At the novel’s core is a time-machine repairman named Charles Yu, our fictional (and metafictional) narrator. He finds and rescues people who have become stuck in time—typically because they went to a point in their own or their parents’ past and intervened, causing them to get marooned in a pocket of time—not an alternate universe, exactly. “Time is an ocean of inertia, drowning out the small vibrations” repairman Yu claims, and his musings on science-fictional time, which are also observations on time as we remember and experience it in our strange and subjective ways, are the strongest part of the book.

The book often feels like a sort of mixtape, where several books written in different genres by possible Charles Yus in alternate time-streams become stitched together.

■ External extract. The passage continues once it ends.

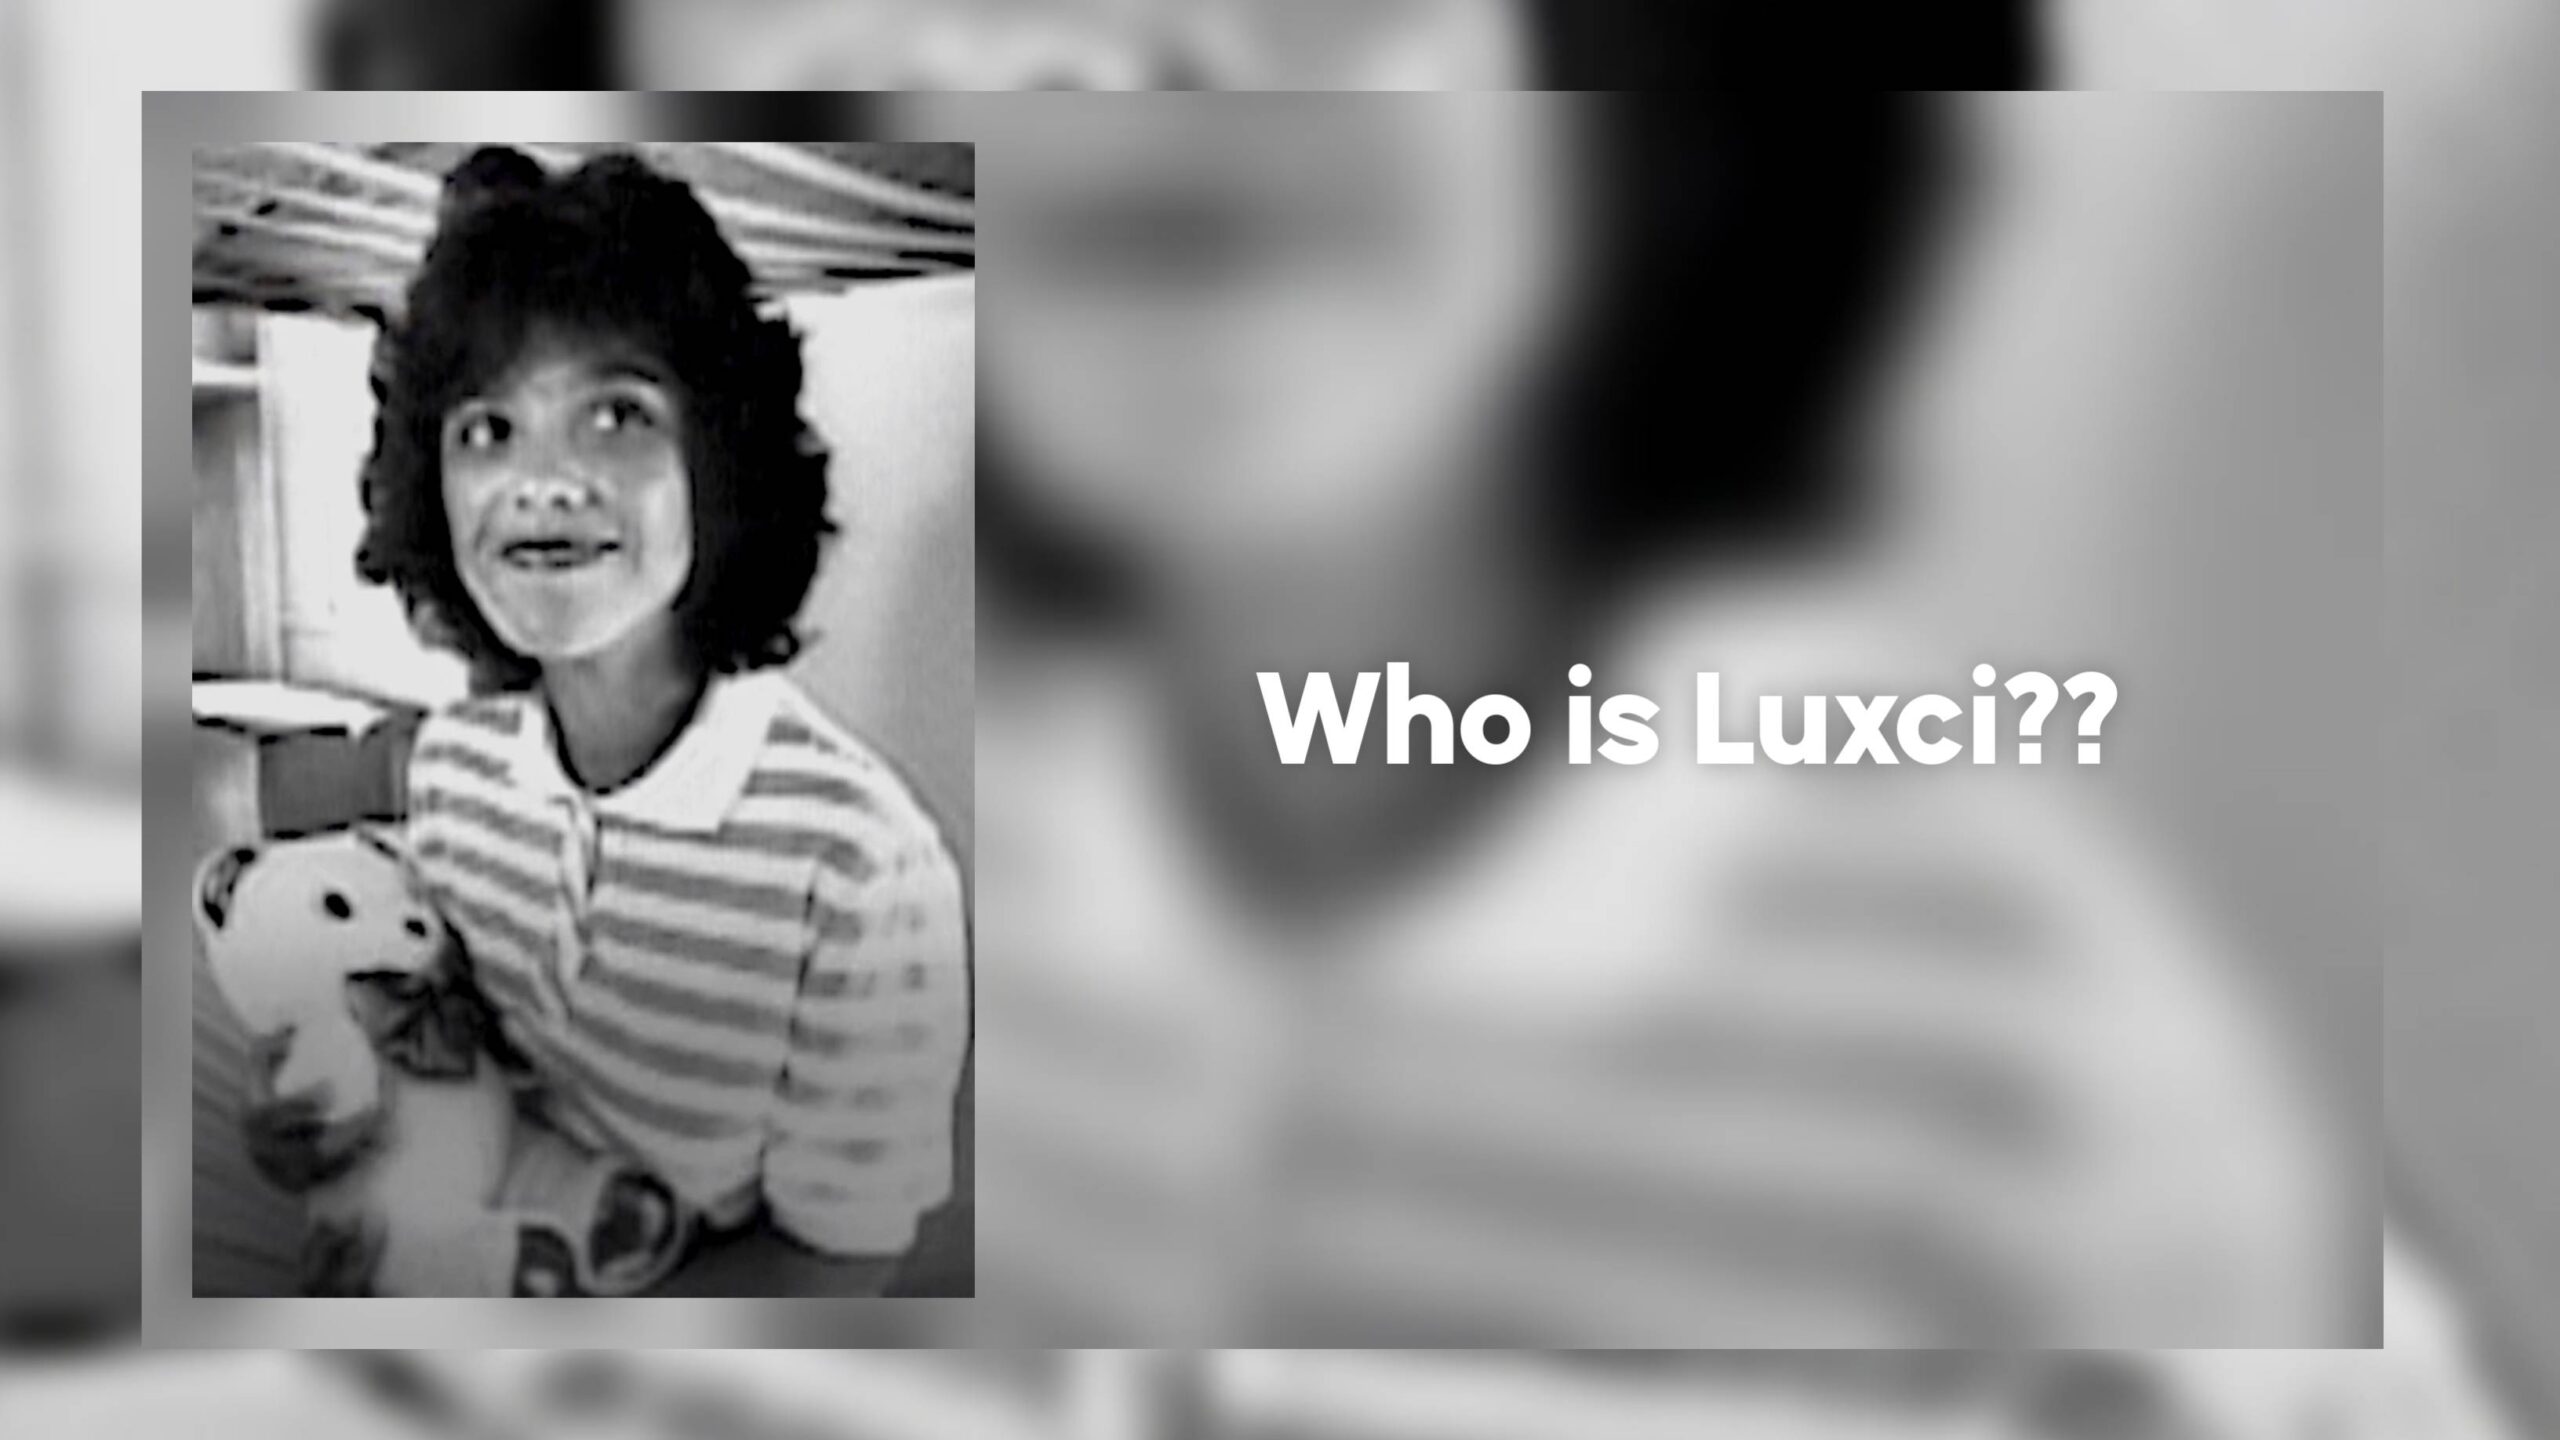 노숙자 청각 장애인 Luxci는 누구입니까? 1

In contrast to much science fiction, in Yu’s book, time isn’t fragile, it’s we who are fragile—time is malleable, self-healing, a river that splits apart and converges. A lowly human can’t break the universe by intervening, can’t alter the course of history. All they’ll do is get lost, split off, marooned on an island, a private and lesser world. This is time travel as imagined by an introvert, a reflective, self-effacing vision of time travel.

Repairman Yu isn’t immune to the temptation to fiddle with his own past by way of his time machine. The latter half of the book takes the reader on a surreal, disjointed journey as he gets lost in time looking for his father, an inventor whose innovations lay behind the time-machine technology—though he lacked the confidence and savvy to make it profitable, and an unethical company swiped his ideas.

The novel’s foremost concerns are cool and structural, coming more from the concepts than the characters: the mechanics and internal consistency of imaginary worlds, the ways our own memories and imaginative constructions of ourselves and others mingle and mesh. But Yu’s style is loose, full of jokes and quips, and occasionally evokes the chummy, self-deprecating humor of a ‘bromance’ movie (lowbrow, maybe, but never mean-spirited) when not looping into clever mashups of physics-jargon and sci-fi references. It feels out of step somehow with the novel’s other facets and concerns, almost too confessional, first-person and conversational, interjected as it is with slapstick moments and spells of over-earnest pathos in the depiction of Yu’s relationship with his lost father.

The younger Yu’s search for his father, and the burden of memory this search comes from, forms the emotional core of How to Live Safely in a Science Fictional Universe. And while it does much to bring the book down to earth, this narrative line—interspersed flashbacks and snippets of memory—seems out of touch with the nebulous, conceptual, and half-serious components of the novel. Details feel half-sketched and little in the book is easy to see happening—even in a science fictional universe.

But this is as follows, Yu explains, because it all takes place in “Minor Universe 31,” a sort of discarded half-creation. Whether or not you get a kick out of seeing Yu play with layers of narrative and metanarrative is largely whether you’ll enjoy the book or not. For me, even if repairman Yu’s dog is described in the book as “imaginary” I wanted it to have enough substance and characterizing detail that I could at least for a moment forget I was reading words on a page by an author named Charles Yu. I never did. Unlike Yu the time-traveler who gets lost in time, I never got lost in How to Live Safely in a Science Fictional Universe.

With that said, there are real rewards in this novel—Yu’s meandering-yet-high-powered musings on the nature of time, memory, nostalgia, subjectivity, self-deception, and connection. The book often feels like a sort of mixtape, where several books written in different genres by possible Charles Yus in alternate time-streams become stitched together by the Charles Yu in this universe, a writer born in 1976 in Los Angeles. The Charles Yu in this universe could be doing much less risky things than he’s doing with his writing. Regardless of whether it pleases everyone, it’s a very good thing that he isn’t.